In a previous post about cement and its components, we mentioned that there are four compounds of cement. They are:
Silicates
- Alite, C3S
- Belite, C2S
Aluminates
- Tricalcium aluminate, C3A
- Calcium alumino ferrite, C4AF
Portland Cement Hydration
The hydration reaction between cement and water happens in such a way that the calcium silicate and aluminate phases react with water to give hydrated phases. These solid hydrate phases occupy larger volume than the original un-hydrated particles. The result of this hydration reaction is the cement paste which when hardened gives a mass with strength.

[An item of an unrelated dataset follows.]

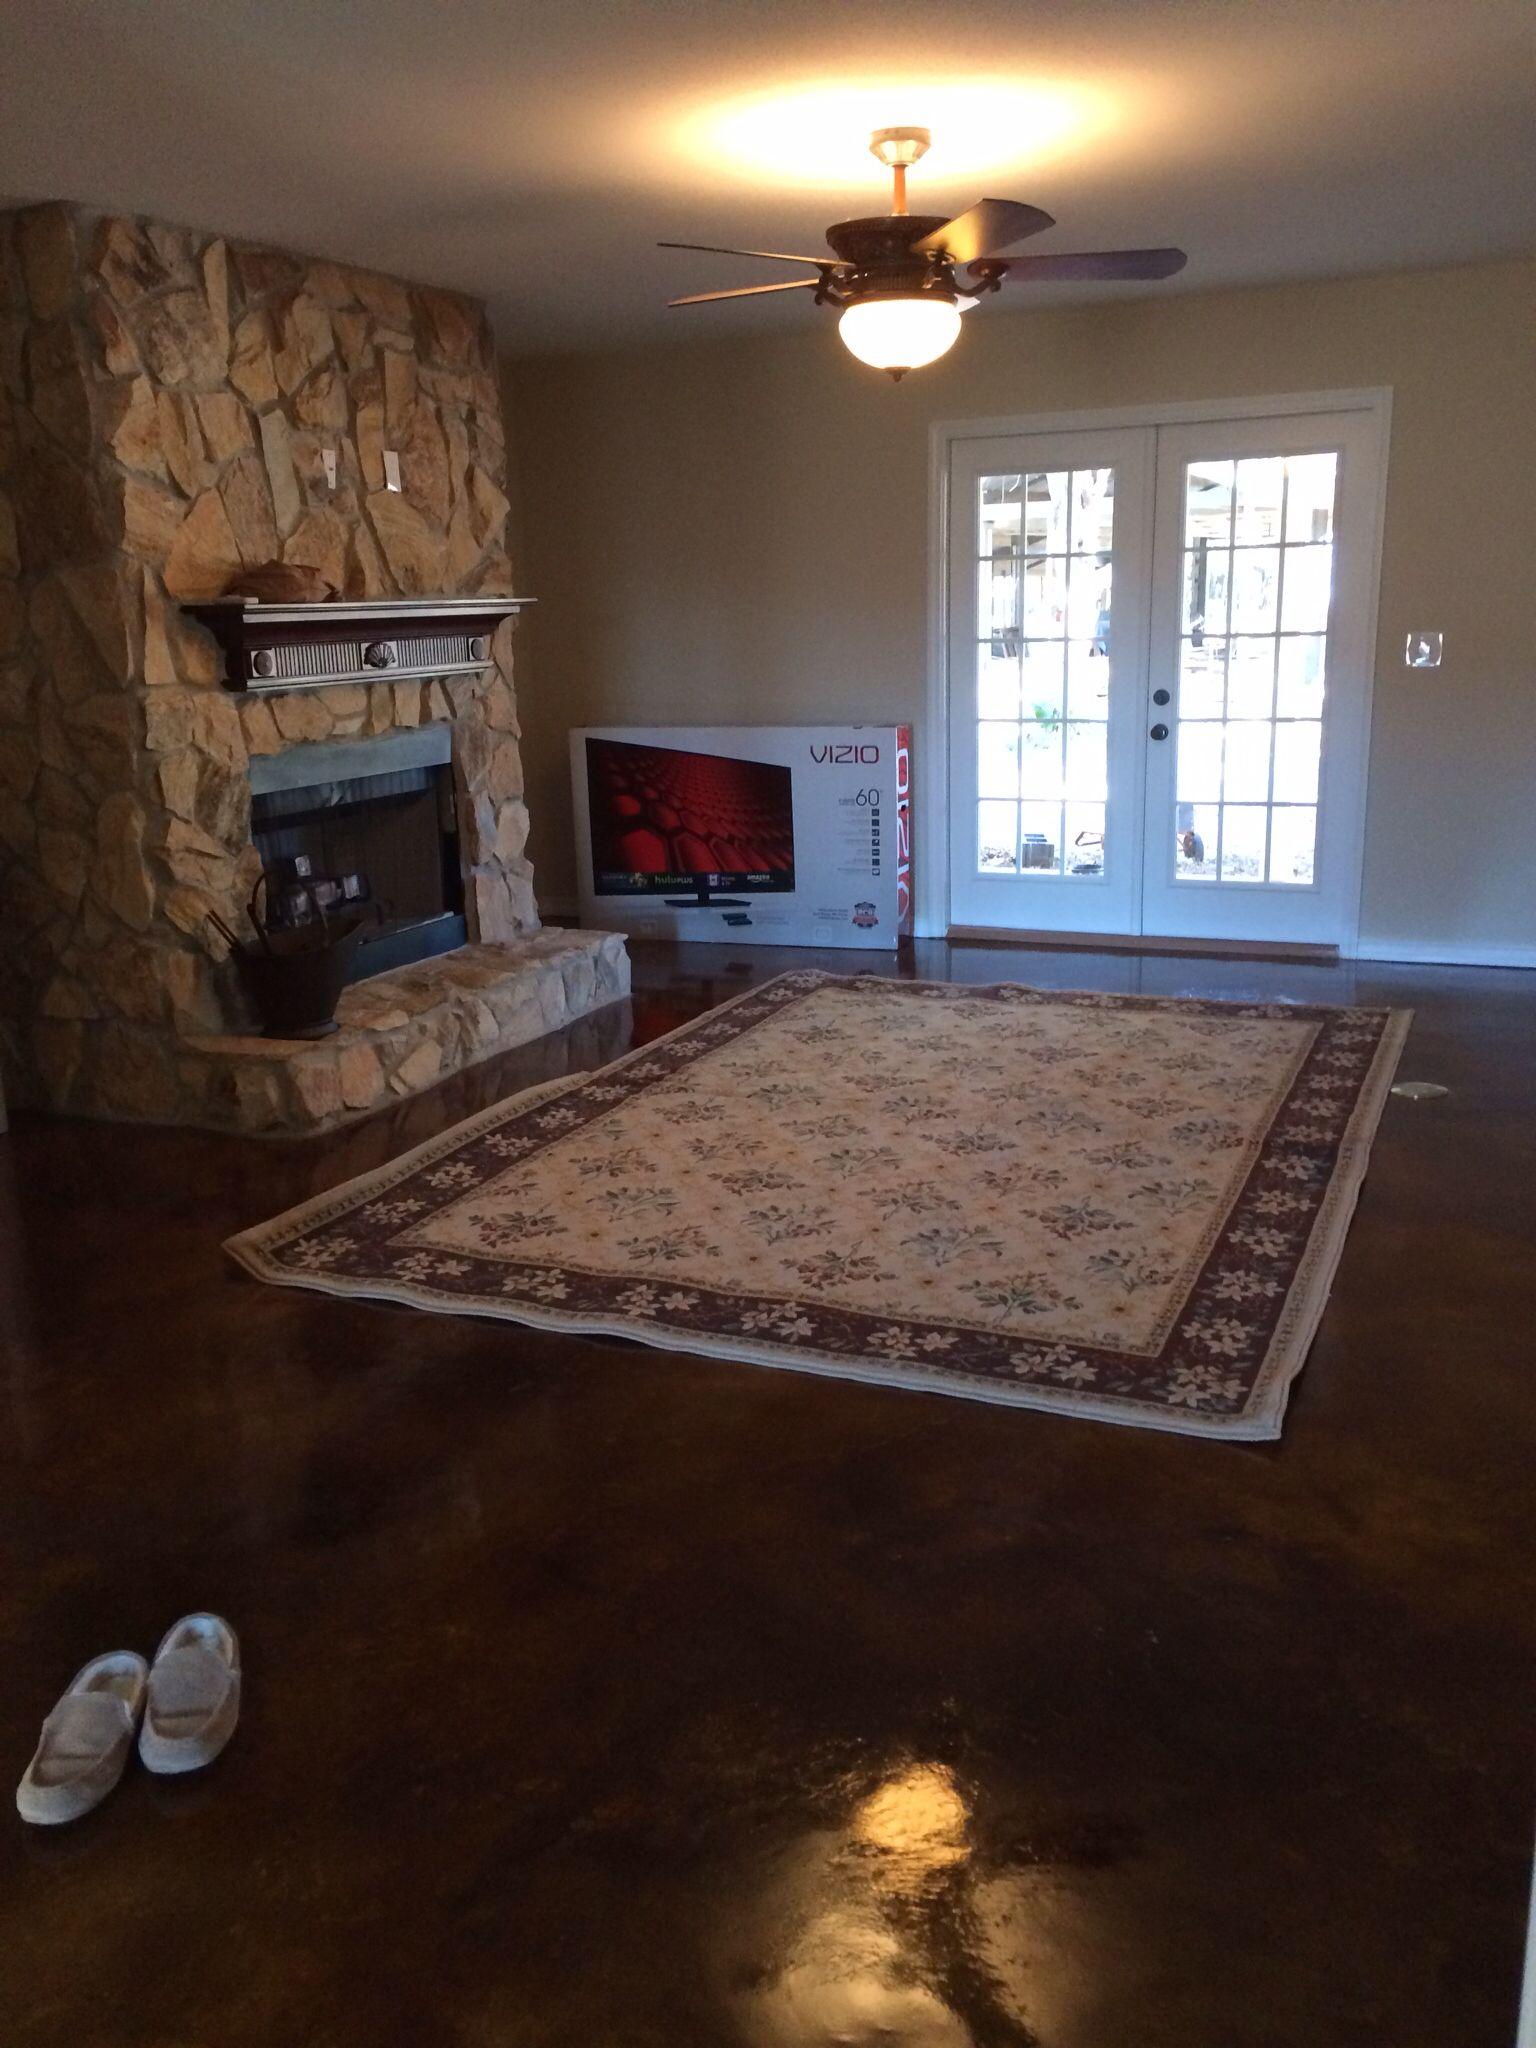 rugs go in

In this article, the hydration of silicates and aluminates would be discussed.
Hydration of Silicate Phases
Both C3S and C2S react with the added water during mixing to produce an amorphous calcium silicate hydrate (C–S–H) gel. This gel is the main glue which holds aggregates together to form concrete. Comparing both of them, C3S is much more reactive than C2S (reaction rate is faster).
At 20°C, about 50% of the C3S present in cement will be hydrated by 3 days and 80% by 28 days. On the other side, after about 14 days, the hydration of C2S will proceed to a significant extent.

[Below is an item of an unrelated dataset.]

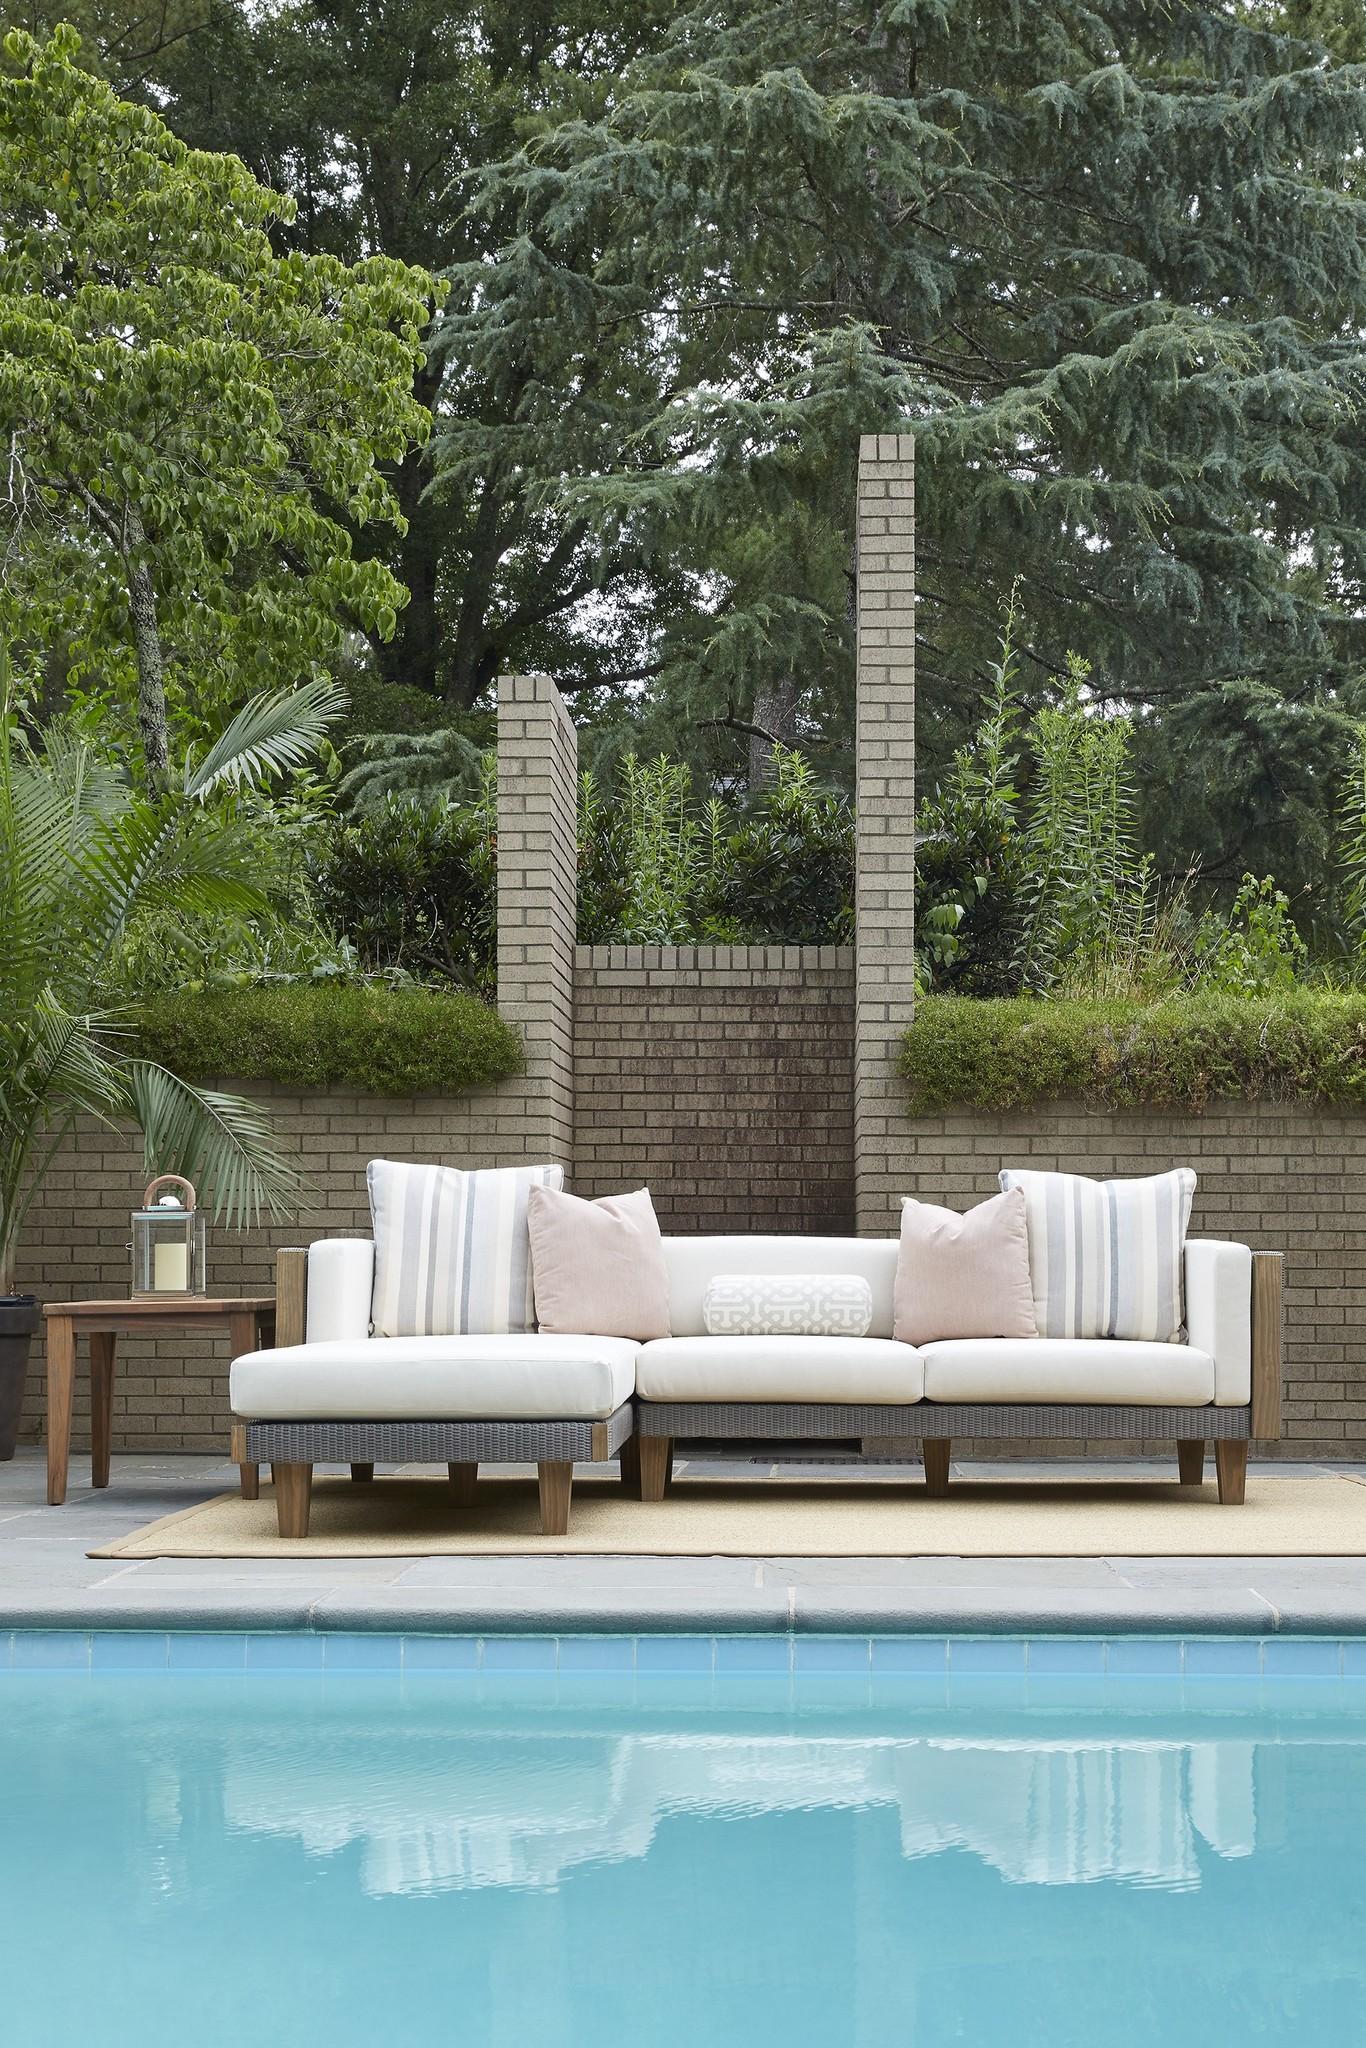 Luxury Outdoor Furniture Showcase

Although one can notice from the chemical notation that ratio between calcium to silicates in C3S and C2S is 3:1 and 2:1 respectively, the C–S–H produced by the hydration of both silicates has a typical Calcium to Silicate (Ca / Si) ratio of approximately 1.7. The excess calcium precipitates as calcium hydroxide (CH) crystals. The following equations indicates the hydration reactions:
C3S + 4.3H ⇒ C1.7SH3 + 1.3CH
C2S + 3.3H ⇒ C1.7SH3 + 0.3CH
It is worth mentioning that there is a very important property of C3S which gives the concrete enough time to be placed and compacted before setting and hardening begins. This property is that after the initial reaction with water, C3S passes through a dormant period where reaction appears to be suspended.
Hydration of C3A and C4AF
There are some Lab studies on the hydration on these phases. In these experiments, lab-prepared C3A and C4AF reacts with water either alone or in the presence of calcium sulfate “gypsum” and calcium hydroxide. However, the findings should be thought of carefully as the composition of the aluminate phases in industrial clinker differs considerably from that in synthetic ones.

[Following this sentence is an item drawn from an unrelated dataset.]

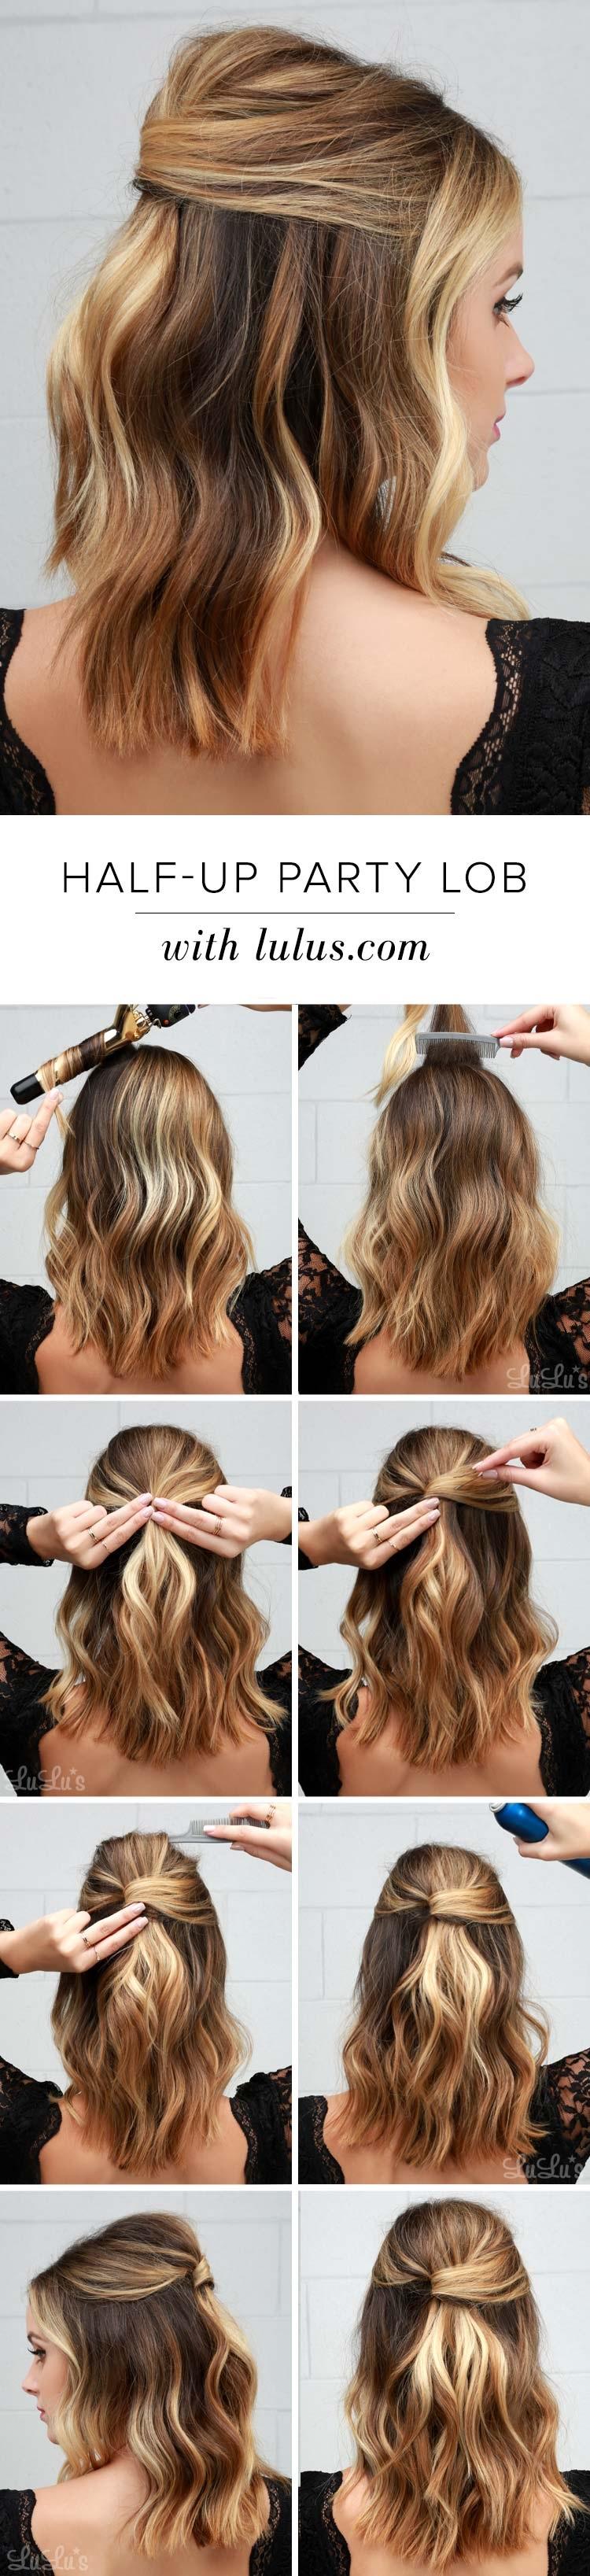 tuto-cheveux mi-longs22

If soluble calcium sulfate is not involved in the reaction, C3A reacts very rapidly to produce C2AH8 and C4AH19 which subsequently convert to C2AH6. This is a rapid reaction with release of heat. But if finely ground gypsum (CaSO4·2H2O) is blended with the C3A before the water is added, gypsum controls the reaction development by forming a protective layer of ettringite on the surface of the C3A crystals:
C3A + dissolved calcium (Ca2+) + dissolved sulfate (SO42–) + water ⇒ ettringite
C3A + 3C + 3S + 32H ⇒ C3A·3CS ·32H where S stands for SO3 and H is H2O
Thus, the more the gypsum is hydrated and dissolute, the more available supply of calcium and sulfate ions will be and the more effective control of C3A hydration will be. However, in most commercial Portland cements, the amount of sulfate available to keep the formation of ettringite is not sufficient. What happens when the available sulfate has been consumed is that ettringite reacts with C3A to form a phase with a lower SO3 content known as monosulfate:
C3A·3CS· 32H + 2C3A + 4H ⇒ 3(C3A·CS ·12H)
Regarding C4AF, studies showed that its hydration is analogous to that of C3A but proceeds more slowly. The iron enters into solid solution in the crystal structures of ettringite and monosulfate substituting for aluminium.